■ **Activity**
Repeat each line of the material below exactly as it appears, minus any pictures.

■ **Data section**
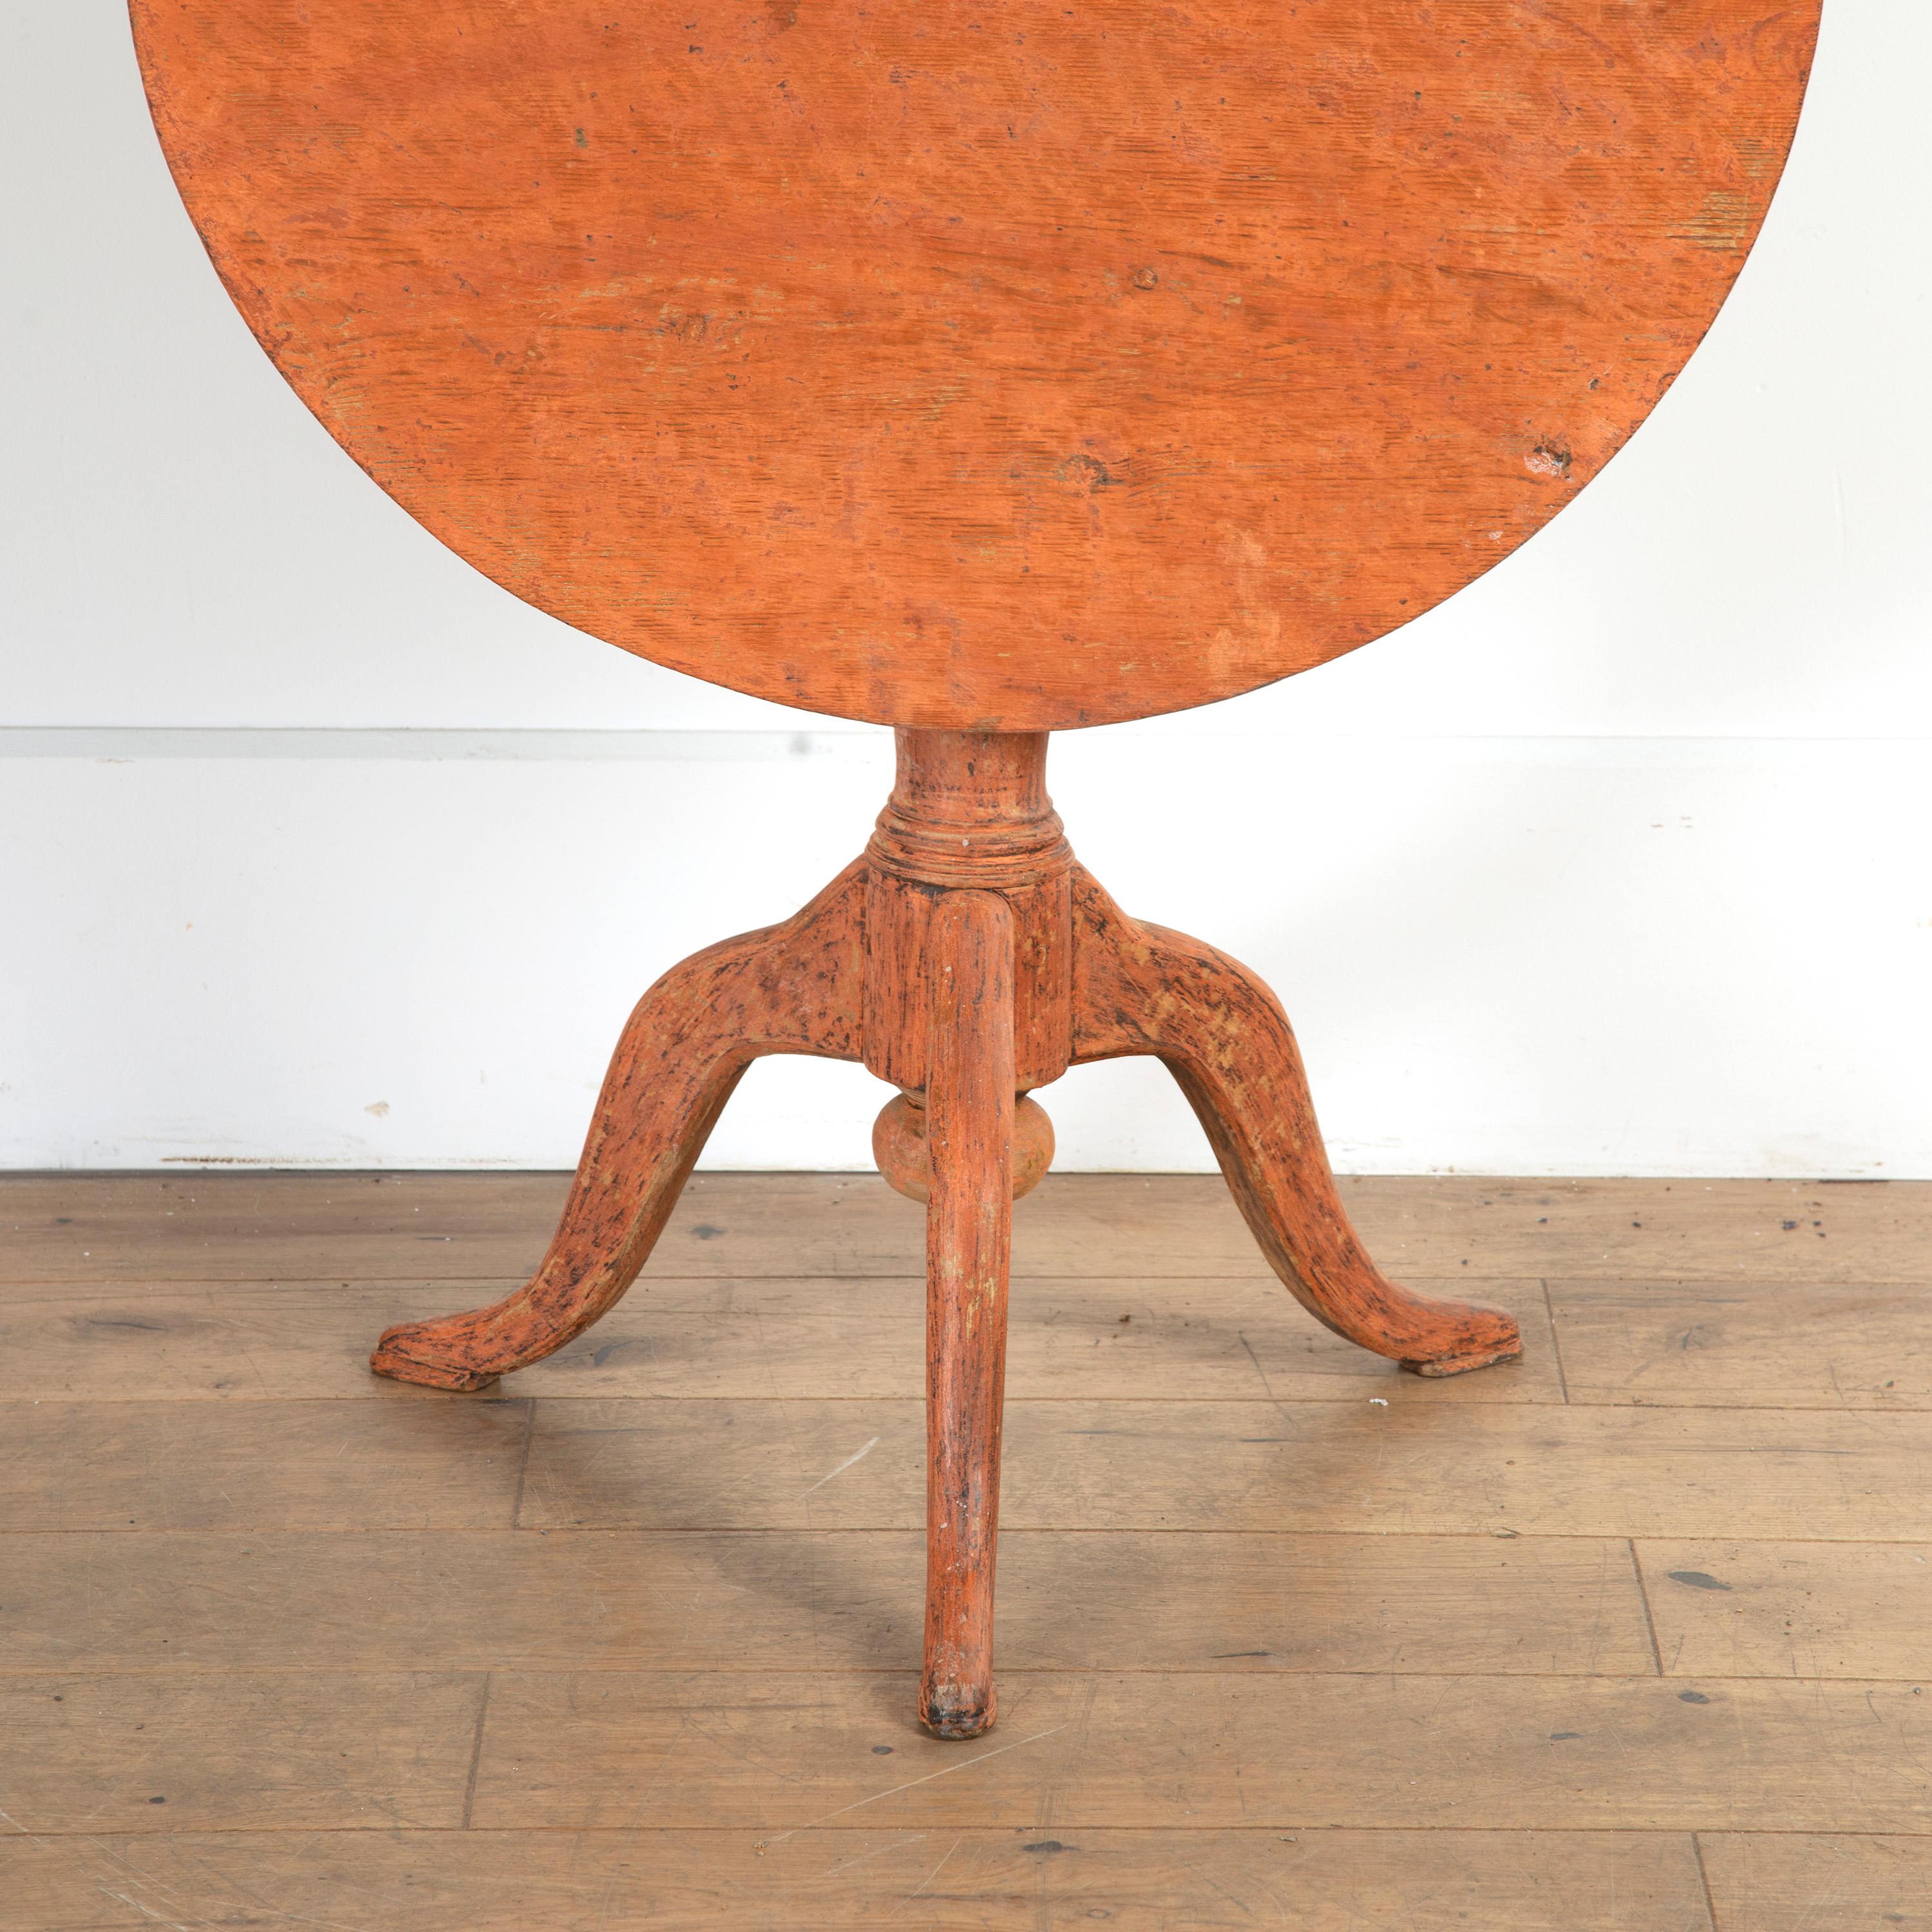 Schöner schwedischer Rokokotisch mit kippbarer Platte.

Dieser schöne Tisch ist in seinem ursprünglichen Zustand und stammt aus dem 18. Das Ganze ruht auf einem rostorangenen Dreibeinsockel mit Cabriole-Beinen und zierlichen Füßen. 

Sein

■ **Result for this exercise**
 Schöner schwedischer Rokokotisch mit kippbarer Platte.

Dieser schöne Tisch ist in seinem ursprünglichen Zustand und stammt aus dem 18. Das Ganze ruht auf einem rostorangenen Dreibeinsockel mit Cabriole-Beinen und zierlichen Füßen. 

Sein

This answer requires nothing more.